UC Davis Receives $3.6 million Grant for Eye Gene Therapy Research

The National Eye Institute, part of the National Institutes of Health, has awarded a five-year, $3.6 million grant to the UC Davis Department of Ophthalmology to explore a new way to treat vision loss using gene therapy.

The UC Davis team is studying a less invasive way of delivering gene therapy to the eye: injecting the gene therapy into the suprachoroidal space, a tiny layer between the white of the eye and the blood vessels that feed the retina. The researchers will study the treatment method on non-human primates such as rhesus monkeys, which have eyes that are similar to humans. The work involves a collaboration between the UC Davis School of Medicine, the UC Davis School of Veterinary Medicine and the California National Primate Research Center.

Glenn Yiu, M.D., Ph.D.

“If we can make gene delivery safer and more effective, it could open the door to treating many more patients with blinding eye diseases," Glenn Yiu, M.D., Ph.D., a retinal specialist at the UC Davis Eye Center and lead investigator for the grant, said in a news release.

Yiu and his colleagues will test how to:

• Spread the treatment more effectively to the center of the retina (the macula), which is important for sharp vision.
• Target the right cells, such as photoreceptors and retinal pigment cells, which are often damaged in eye diseases.
• Reduce side effects, such as inflammation, by testing different medications that calm the immune system.

Two gene therapies are already available to treat eye diseases and many more are in development. They are delivered by injecting the therapy either into the jelly-like center of the eye (the vitreous) or under the tissue lining the back of the eye (the retina).

Luxturna (voretigene neparvovec-rzyl) was approved in 2017 to treat inherited retinal diseases with two mutations of the RPE65 gene. It is given as a surgical injection beneath the retina.

Related: FDA Approves First-Ever Cell Therapy Treatment for Rare Progressive Eye Disease

More recently, the FDA approved Encelto (revakinagene taroretcel-lwey) to treat the progressive eye disease macular telangiectasia type 2 (MacTel), a rare neurodegenerative disease that causes irreversible vision loss. Encelto uses a small, semi-permeable capsule implanted in the eye that contains allogeneic retinal pigment epithelium (RPE) cells genetically engineered to produce specific therapeutic proteins for targeted disease treatment.

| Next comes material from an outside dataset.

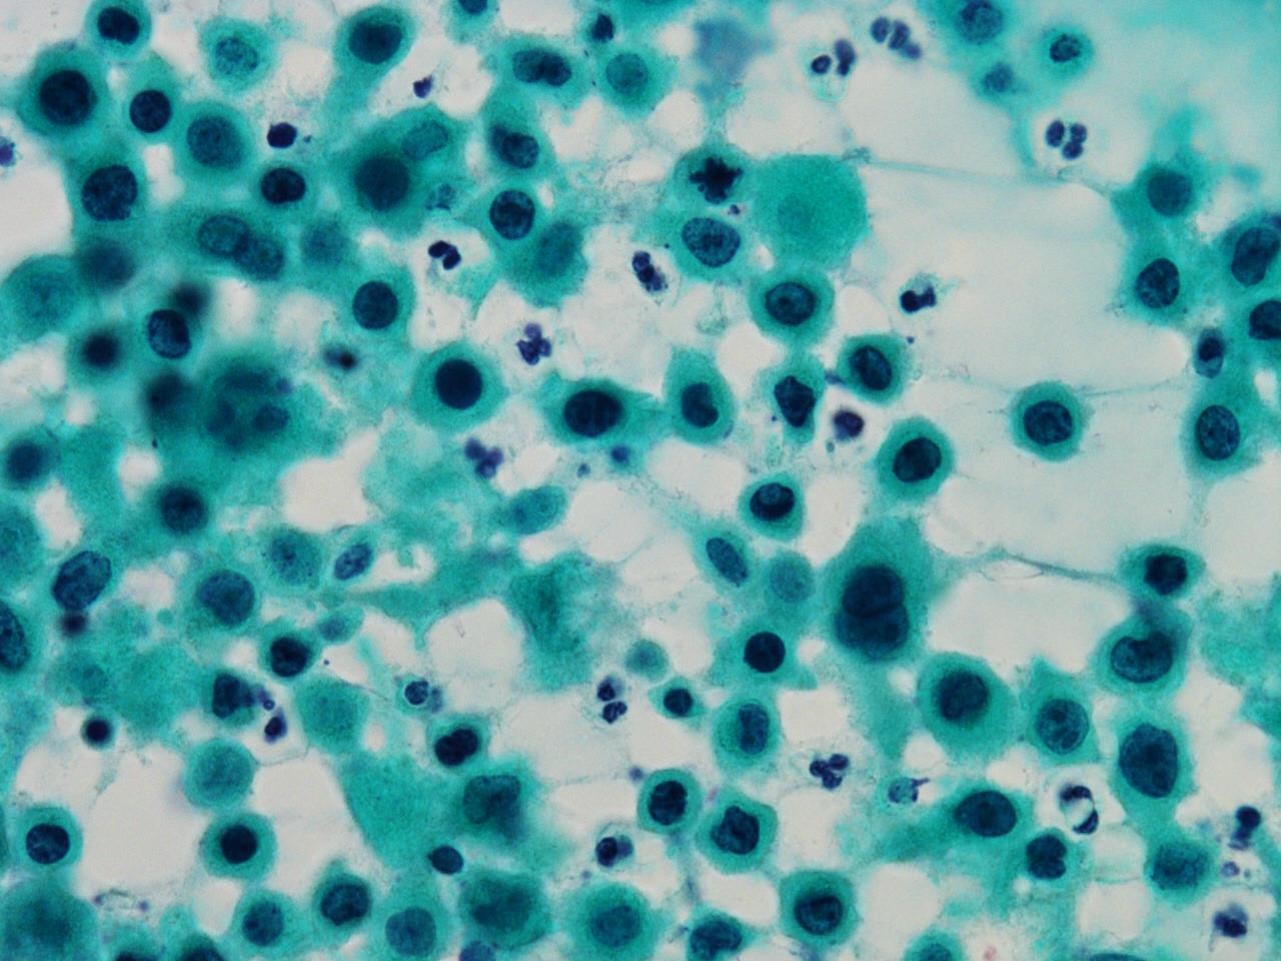 リンパ腫 b 細胞 性 大 びまん 型 細胞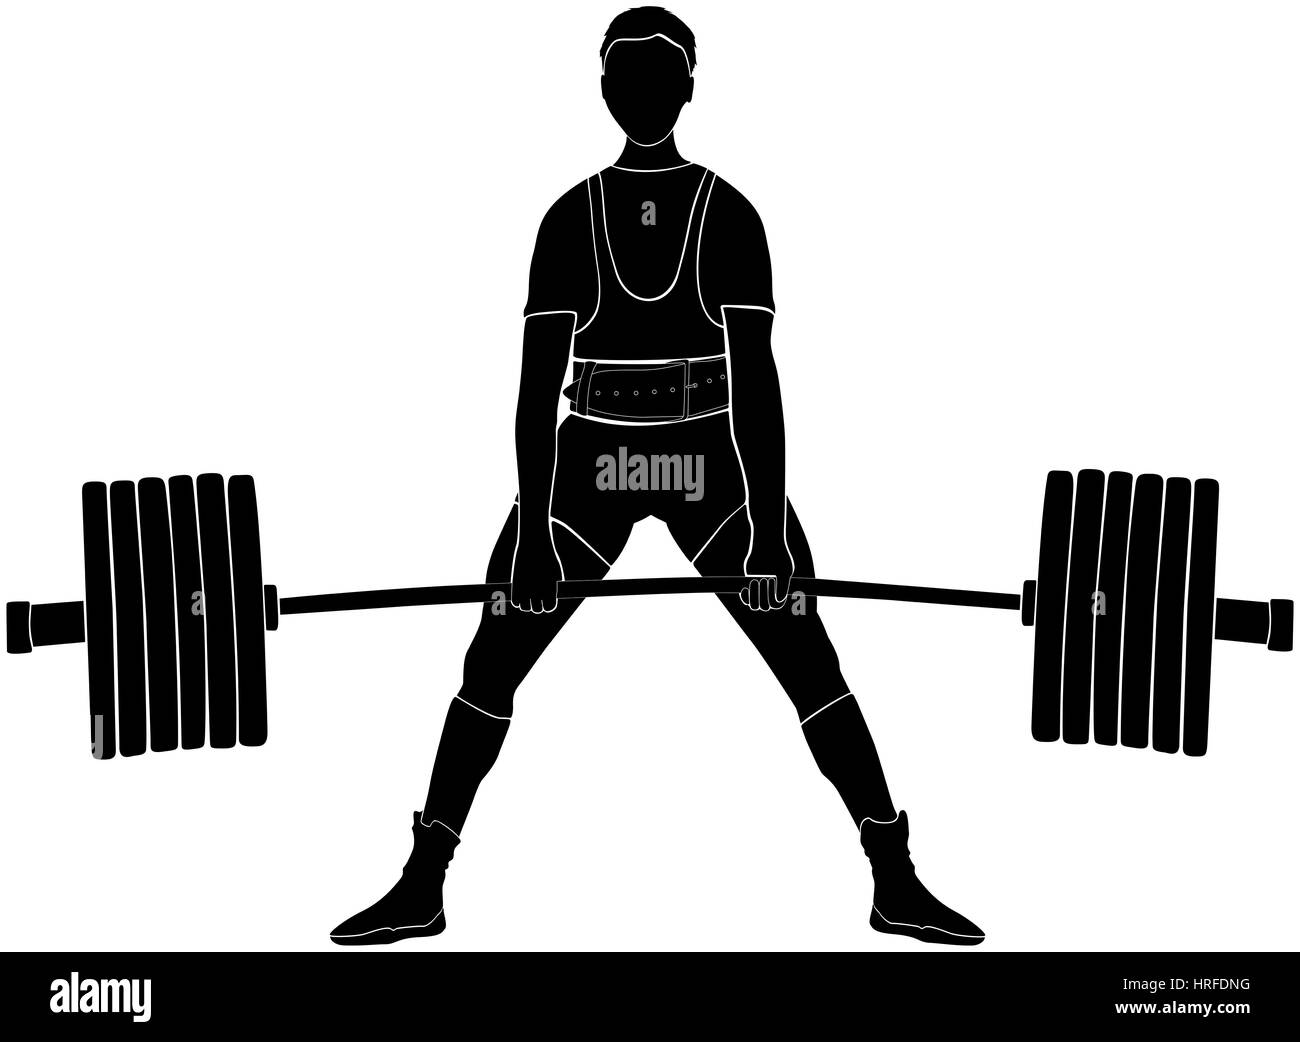 männlicher Athlet Powerlifter Kreuzheben im Kraftdreikampf schwarze silhouette Stockfoto

A few of gene therapies are currently in development include:

• ABBV-RGX-314: Developed by RegenXBio, ABBV-RGX-314i is being developed for several retinal conditions treated with anti-VEGF. It is one-time subretinal treatment that includes the NAV AAV8 vector containing a gene encoding for a monoclonal antibody fragment. It is in a phase 2 trial for wet AMD using suprachoroidal delivery, as well as a separate phase 2 trial for diabetic retinopathy using suprachoroidal delivery.
• BGTF-027: BGTF-027 is an intravitreal gene therapy that encodes a functional copy of the long-wavelength-sensitive opsin protein for the treatment of blue cone monochromacy, a rare, inherited vision disorder linked to the X chromosome that occurs in boys. The therapy, which is in a phase 1 trial, was developed by Adverum Biotechnologies and licensed to Blue Gen Therapeutics Foundation, a nonprofit organization developing gene therapies for rare inherited retinal diseases.
• HORA-PDE6b: Developed by eyeDNA Therapeutics, HORA-PDE6b is an AAV5 based gene therapy designed to deliver a full-length non-mutated copy of the functional human PDE6b gene into the subretinal space. It is being evaluated in a phase 1/2 trial for retinitis pigmentosa.
• Ixoberogene soroparvovec (ixo-vec): Developed by Adverum Biotechnologies, ixo-vec is in phase 3 trials to treat wet age-related macular degeneration that is delivered through an intravitreal injection. It is a proprietary vector capsid, AAV.7m8, carrying an aflibercept coding sequence. Aflibercept inhibits VEGF and is the active ingredient in Regeneron’s Eylea, which is approved in both low and high doses to treat patients with wet AMD, diabetic macular edema and diabetic retinopathy.
• MCO-010: Developer Nanoscope Therapeutics recently began a rolling biologics licensing application for MCO-010 severe vision loss due to retinitis pigmentosa.
• OCU410ST: OCU410ST is being developed by Ocugen as a possible treatment of ABCA4-associated retinopathies, including Stargardt disease, an inherited macular degeneration. It uses an AAV delivery platform for the retinal delivery and is in a phase 2/3 trial.